“Unrecognized” Villages of the Naqab

The Arab Bedouins have been living as an integral part of the Palestinian people for centuries. In the southern region of Palestine, historically known as al-Naqab (more-recently called ha Negev, in Hebrew), they traditionally lived in small clusters on collectively held, semiarid lands. These settlements became villages well before the 1948 conquest of Palestine by Israeli forces.

Although much of their territory was split between the Arab and Jewish States recommended in General Assembly resolution 181 (1947), they found themselves and their lands completely devoured by a self-proclaimed State of Israel. Zionist “national institutions and successive Israeli governments forcibly removed them onto continuously shrinking plots of land, giving their national resources instead to Jewish settlers, who enjoy material privileges under Israeli law as “Jewish nationals, at the expense of Palestine’s indigenous people. Traditionally dependent on their lands and flocks for their livelihood, this dispossession plunged the Bedouin into progressive indigence.

The official denial of their rightful existence invented a new planning category of “unrecognized villages, perpetually ineligible for secure tenure and public services. While other areas of Palestine were the primary focus of intensive Jewish settlement, the Naqab (and other remote areas) became an increasing target of Israeli State confiscation since the 1980s, when a series of legal and administrative pretexts accelerated house demolitions, land confiscation and forced removal of the Bedouins into planned concentrations (rekuzim, in official Hebrew).

The community of 45 unrecognized villages has banded together to defend themselves against further dispossession, demolition and forced removal through social mobilization, alternative planning, legal defense, petitioning for recognition and services, as well as reconstruction. This program has arisen from the consolidation of local social capital in the form of the Regional Council of Unrecognized Villages of the Naqab.

The fact that the RCUVN was not affiliated with any party gave the opportunity to different parties to join in the different actives. This involvement gave a wider recognition to this harsh situation and more difficult atmosphere for the government to implement its destructive plans.

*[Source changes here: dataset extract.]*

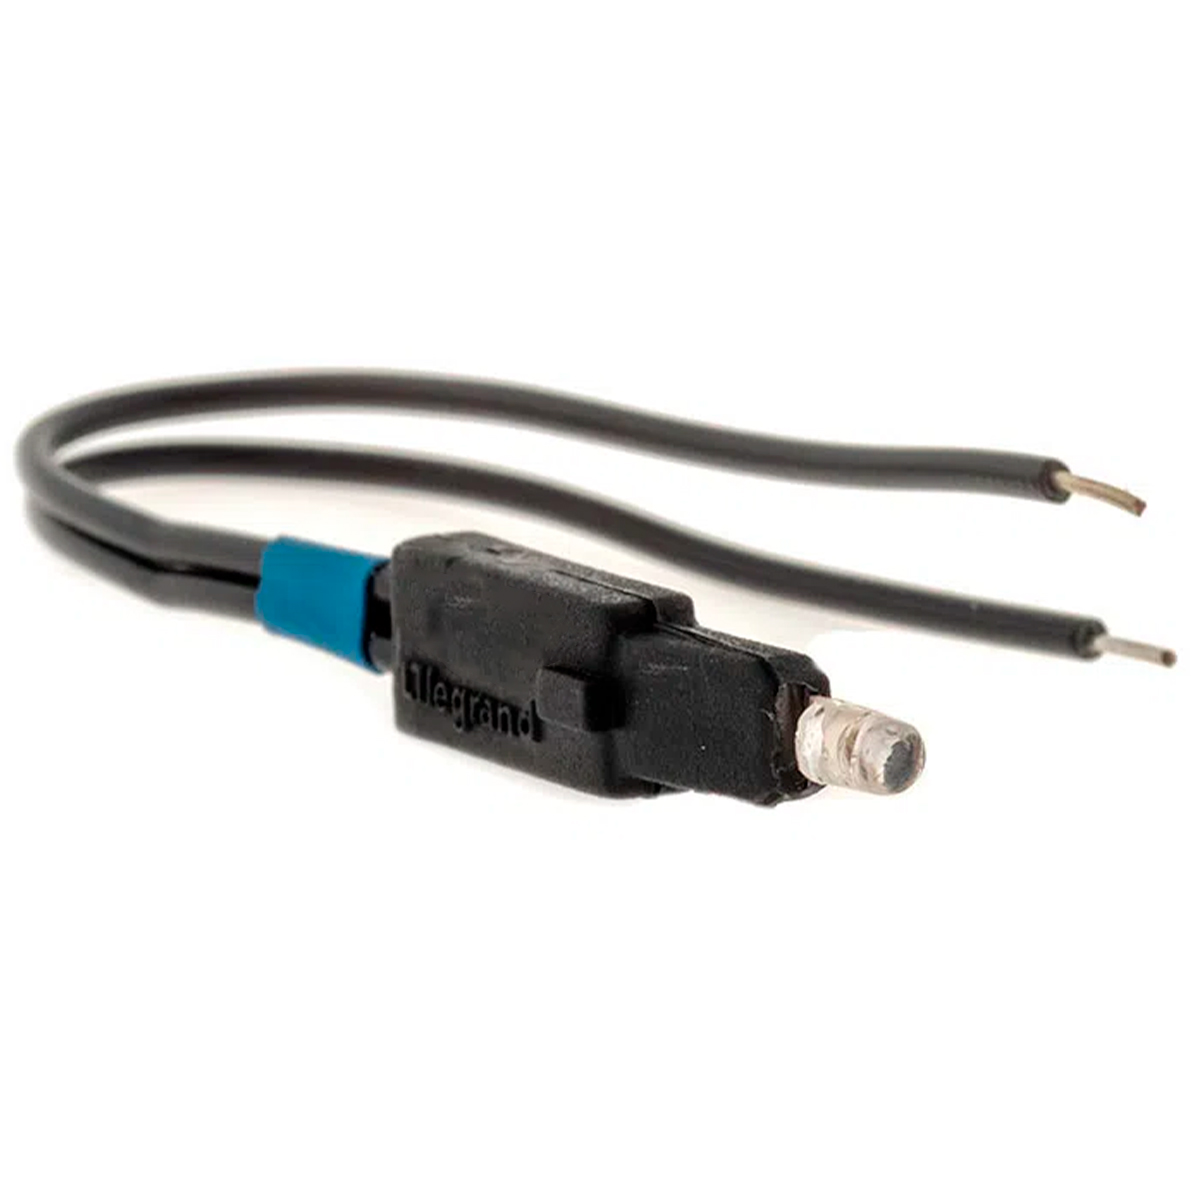 LED para Interruptores e Pulsadores Legrand Pial Plus+ - Azul - Bivolt - 615099NT

The RCUVN realized the strength of its diversity and complementary organizational structure. For their part, the traditional tribe sheikhs worked together, joined by the professionals and, later, by the RCUVN employees and, eventually, civil society.

However, these efforts also met with a form of backlash from government hardliners, as well as from national institutions. The World Zionist Organization, normally concentrating on colonization of the West Bank and Gaza Strip, and deferring to its sister institution inside the Green Line, recently has engaged in the management of confiscated Bedouin assets inside Israel and the colonization of the Naqab. In summary, that has seen an increase in house destruction and land poisoning, and by the government”s legal campaign to criminalize the community.

The challenges faced and the strategies applied in the case of the unrecognized villages of the Naqab are classic features of any land-based people’s struggle against colonization and dispossession. In that sense, the experience is eminently transferable. Nonetheless, Israel”s policy in the Naqab and the forms of discrimination against the indigenous people of Palestine has some unique features. These arise from the two-tiered civil status under Israeli law, the absence of an Israeli nationality, while Jewish nationality is a status recognized in local law by national institutions as conferring superior rights and privileges on those holding that status, no matter where in the world those individuals may live and/or hold citizenship.

This international dimension of the problem is unique, as is the contradiction of those Zionist national institutions (e.g., WZO/JA, JNF, etc.) operating as Israeli State organs while, at once, also registered and functioning as taxexempt charities in some 50 countries around the world. These unique features working to the further dispossession of the indigenous Palestinian people may suggest this particular social production experience to be irreplaceable. However, the same characteristics form an arguable basis also for extending the social mobilization and solidarity extraterritorially to where the international recruitment and financing for population transfer and colonization goes so far unchallenged.